World Food Program spokesman Alejandro Lopez-Chicheri said it's complicated to get food into Haiti, and that his agency is focusing on urban areas that are easiest to reach.

"We're trying to help as much as we can, but that doesn't mean we'll solve everything," he said.

Families eating corn and been seeds
When AP journalists visited the Artibonite Valley in June, farmers hacked at the soil using the same hand-planting methods employed centuries ago by their enslaved ancestors. Lemare Forrestal, a 60-year-old farmer in the mountains, said his family sometimes resorts to eating corn and bean seeds.

"We have kids we can't feed. We have to eat what we have," he said.

And even when there is food, mothers leave their children at home while they seek work in far-off markets with no one to ensure they eat properly.

Sylvieta Saintera, 38, said her 8-year-old daughter cooks for her six other children when she's gone.

Hunger victims filled the low-slung, tree-lined Schweitzer hospital complex in June. Flies buzzed from bed to bed as mothers spoon-fed vegetable mixtures prepared over charcoal fires in an outdoor kitchen.

A photo of Rivilade from months earlier showed a baby with fat arms and black hair. But his bald, naked body was covered with an old man's wrinkled skin. Diarrhea had shrunk his weight to 15 pounds, a quarter less than doctors say is healthy.

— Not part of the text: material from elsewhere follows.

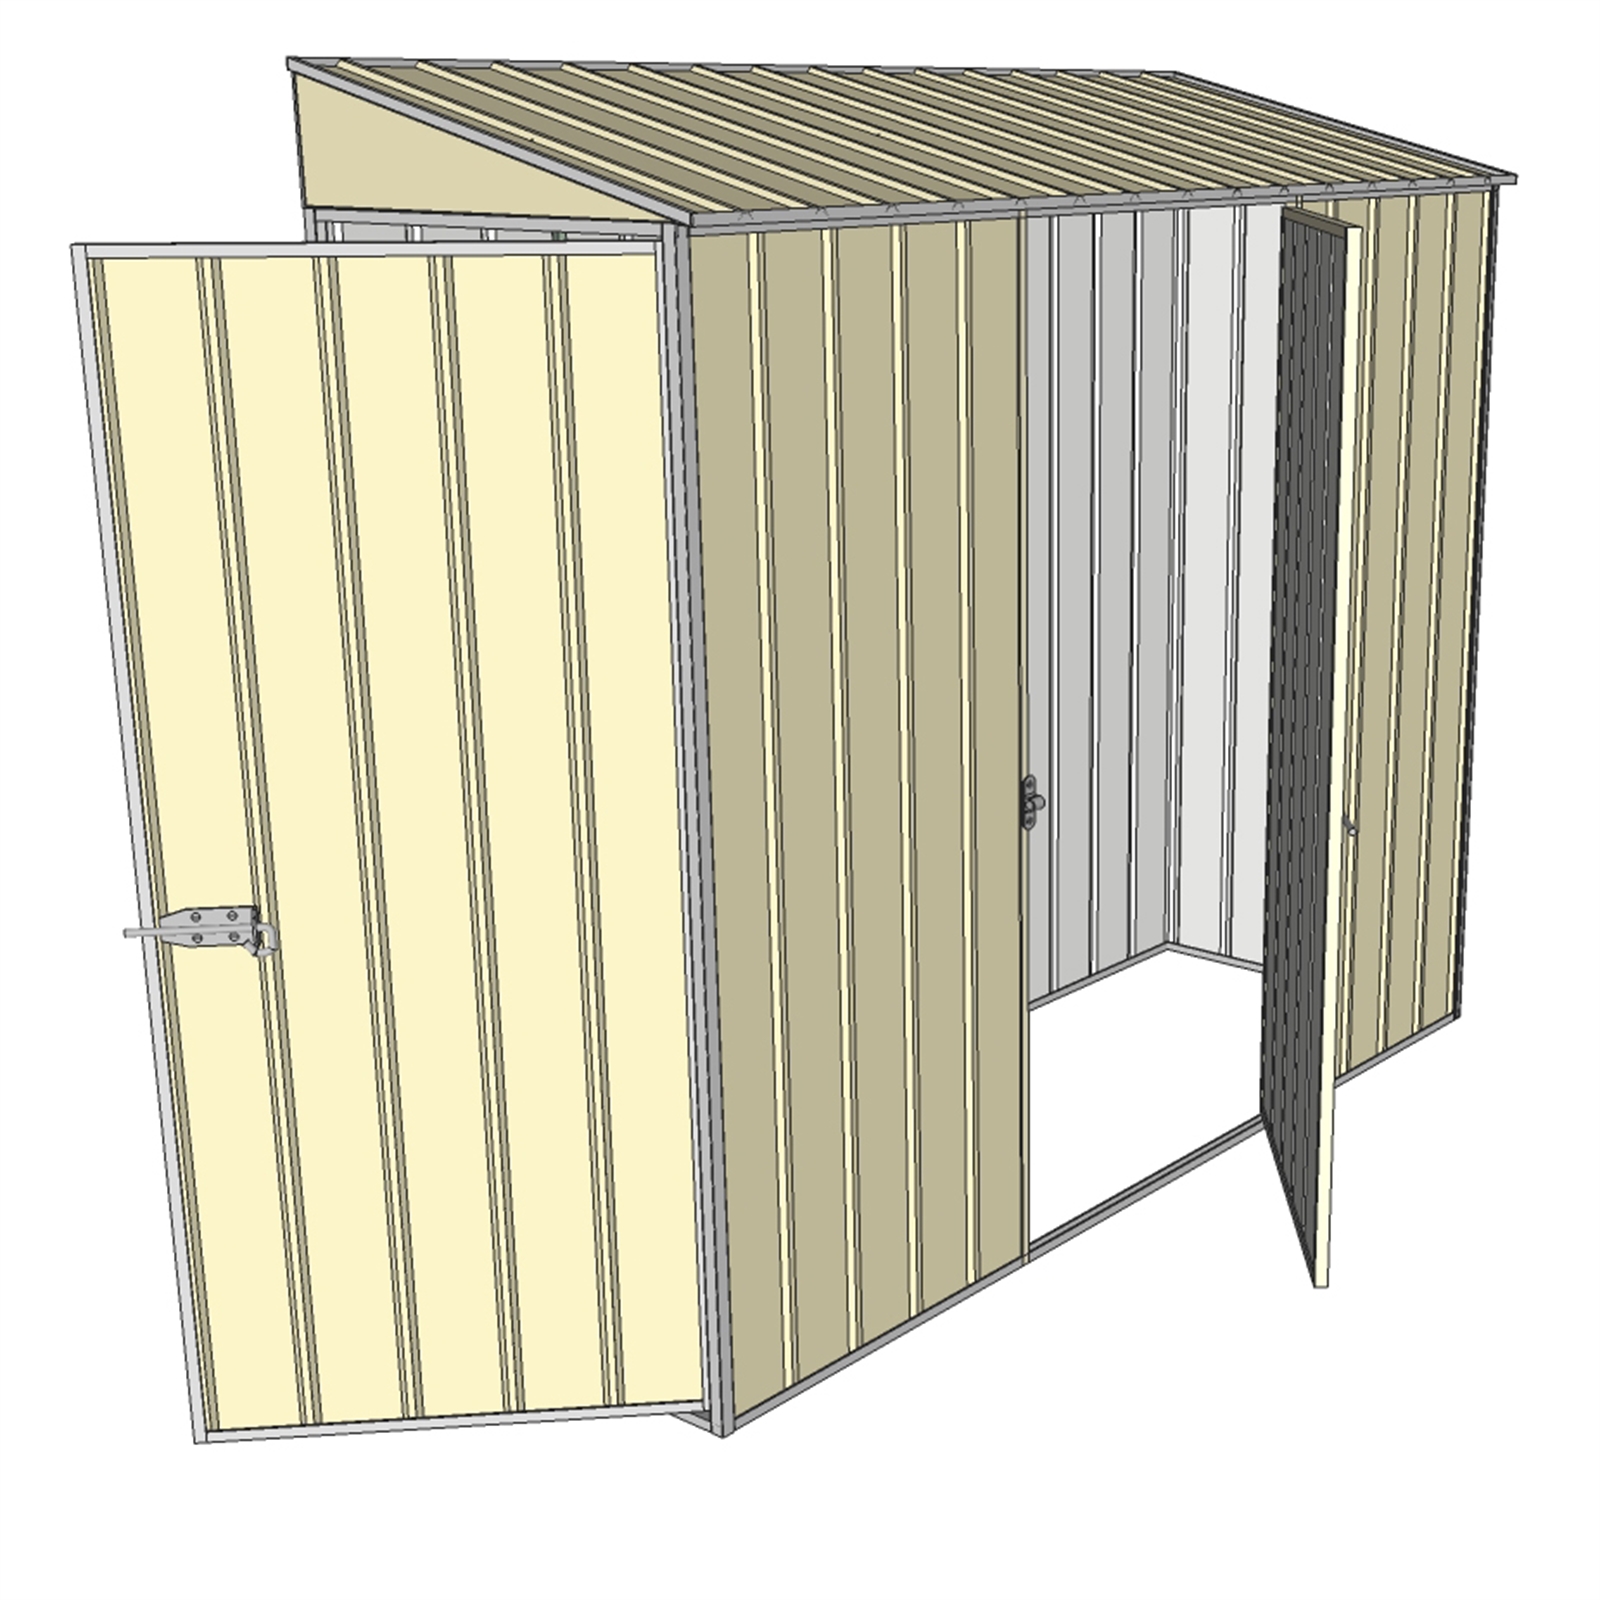 Build-a-Shed 2.3 x 0.8 x 2.0m Cream Skillion Two Single Hinged Doors Narrow Shed

"He was fine, and then he got sick," said his mother, 22-year-old Nimose Jisesle. It costs 150 Haitian gourdes a week — $3.95 — to feed him, she said, but she earns just 100 gourdes, $2.63, selling knapsacks and firewood. His father went to the neighboring Dominican Republic to find work and does not support the child.

Suffering from diarrhea, pneumonia and mouth and skin infections, Rivilade was treated and fed with intravenous liquids and food. He was released a few days later with his weight up and diarrhea gone, said Dr. Erlantz Hyppolite.

Some of the children receive a super-high-protein mixture of peanut butter, oil, milk and vitamins known here as "Medika Mamba" that has also been used in African famines. But once they go home, mothers struggle to follow doctors' advice to thoroughly clean their homes and prepare more balanced meals for their children, Hyppolite said.

Some, he said, eat the peanut butter mixture themselves.